EXERCISE OBJECTIVE:
Restate the listing below word for word; no picture is to be carried over.

PROVIDED DATA:
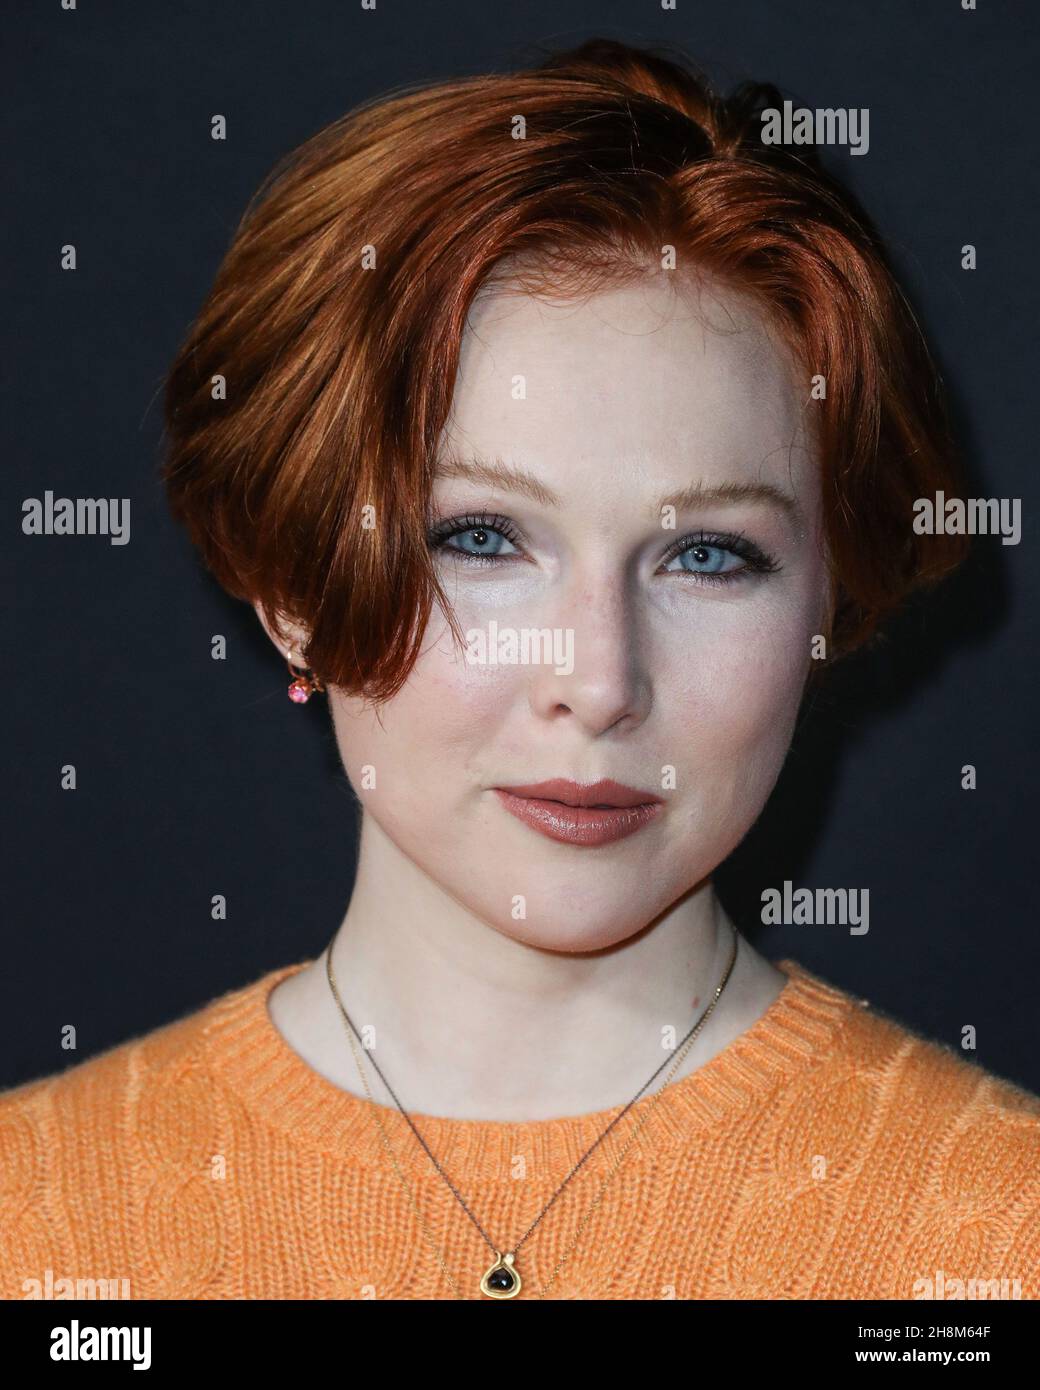 Los Angeles, United States. 30th Nov, 2021. LOS ANGELES, CALIFORNIA, USA - NOVEMBER 30: Actress Molly C. Quinn arrives at the Los Angeles Premiere Of Netflix's 'The Unforgivable' held at the Directors Guild of America Theater on November 30, 2021 in Los Angeles, California, United States. (Photo by Xavier Collin/Image Press Agency) Credit: Image Press Agency/Alamy Live News Stock Photo
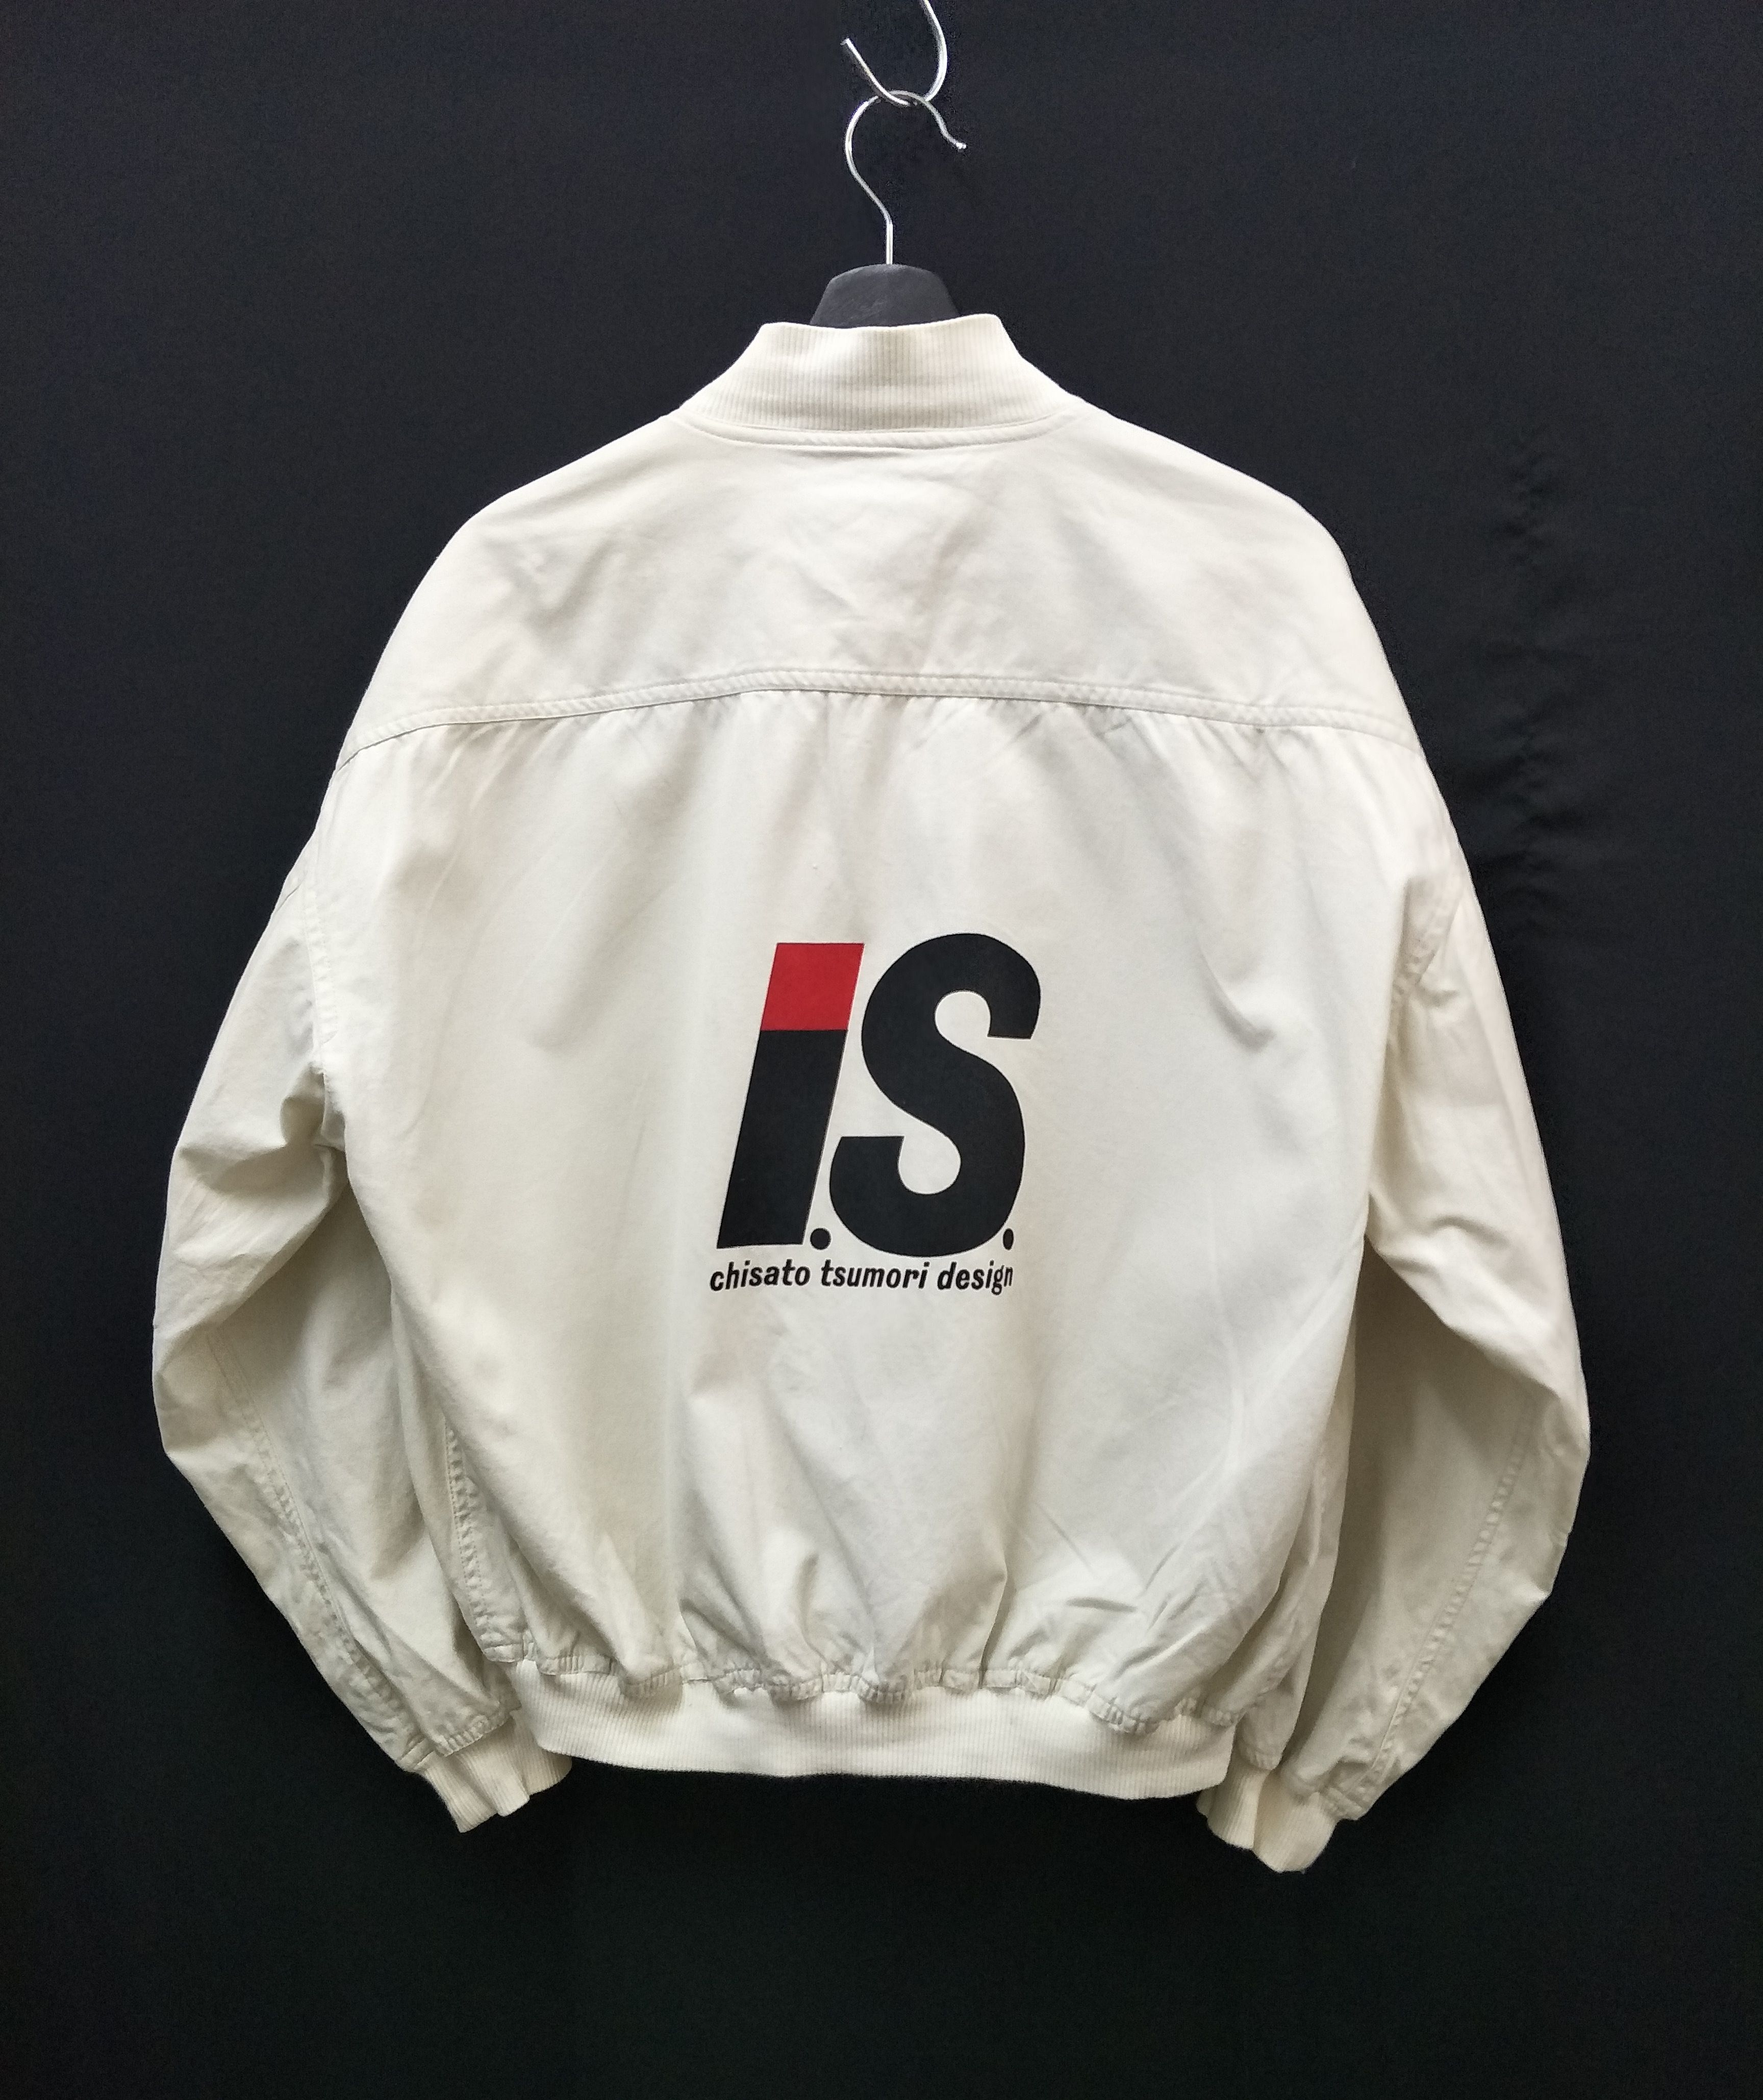 Issey Miyake Archive Issey Sport MA-1 Bombers Jacket | Grailed
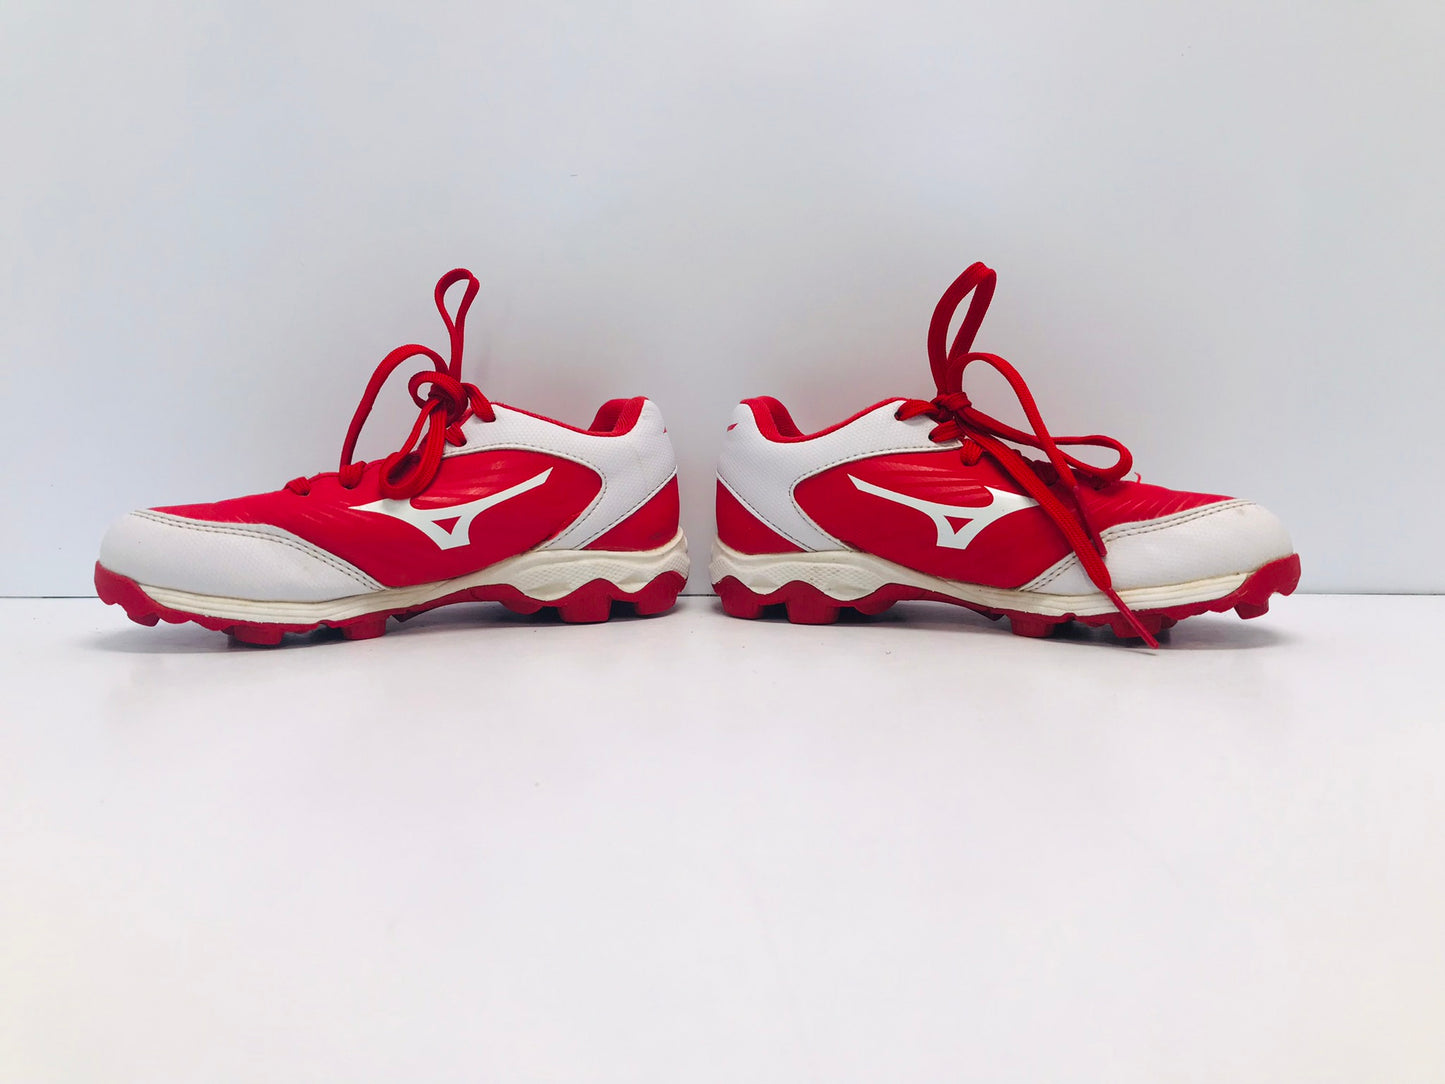 Baseball Shoes Cleats Child Size 1 Red White Excellent
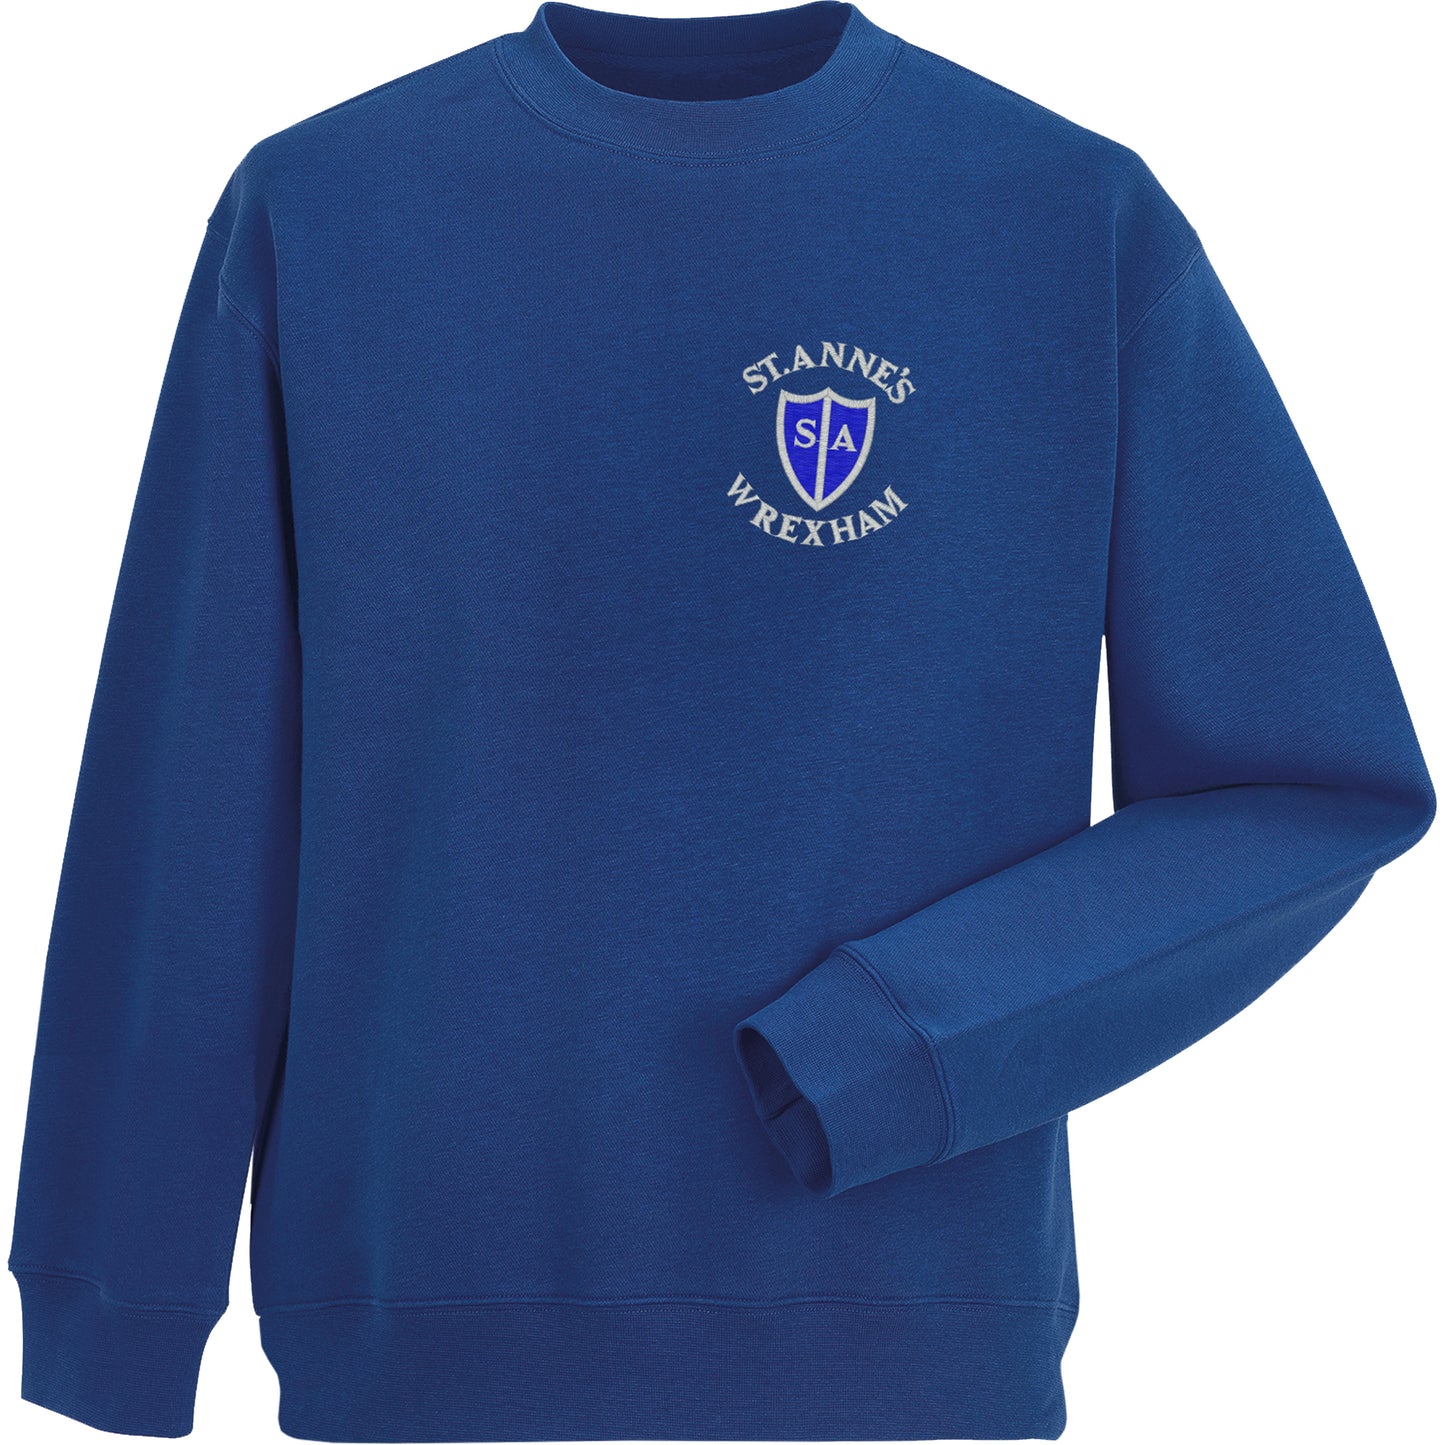 St. Annes School Sweaters are supplied by ourschoolwear of Wrexham

SOLUTION TO THE EXERCISE:
 Los Angeles, United States. 30th Nov, 2021. LOS ANGELES, CALIFORNIA, USA - NOVEMBER 30: Actress Molly C. Quinn arrives at the Los Angeles Premiere Of Netflix's 'The Unforgivable' held at the Directors Guild of America Theater on November 30, 2021 in Los Angeles, California, United States. (Photo by Xavier Collin/Image Press Agency) Credit: Image Press Agency/Alamy Live News Stock Photo
 Issey Miyake Archive Issey Sport MA-1 Bombers Jacket | Grailed
 Baseball Shoes Cleats Child Size 1 Red White Excellent
 St. Annes School Sweaters are supplied by ourschoolwear of Wrexham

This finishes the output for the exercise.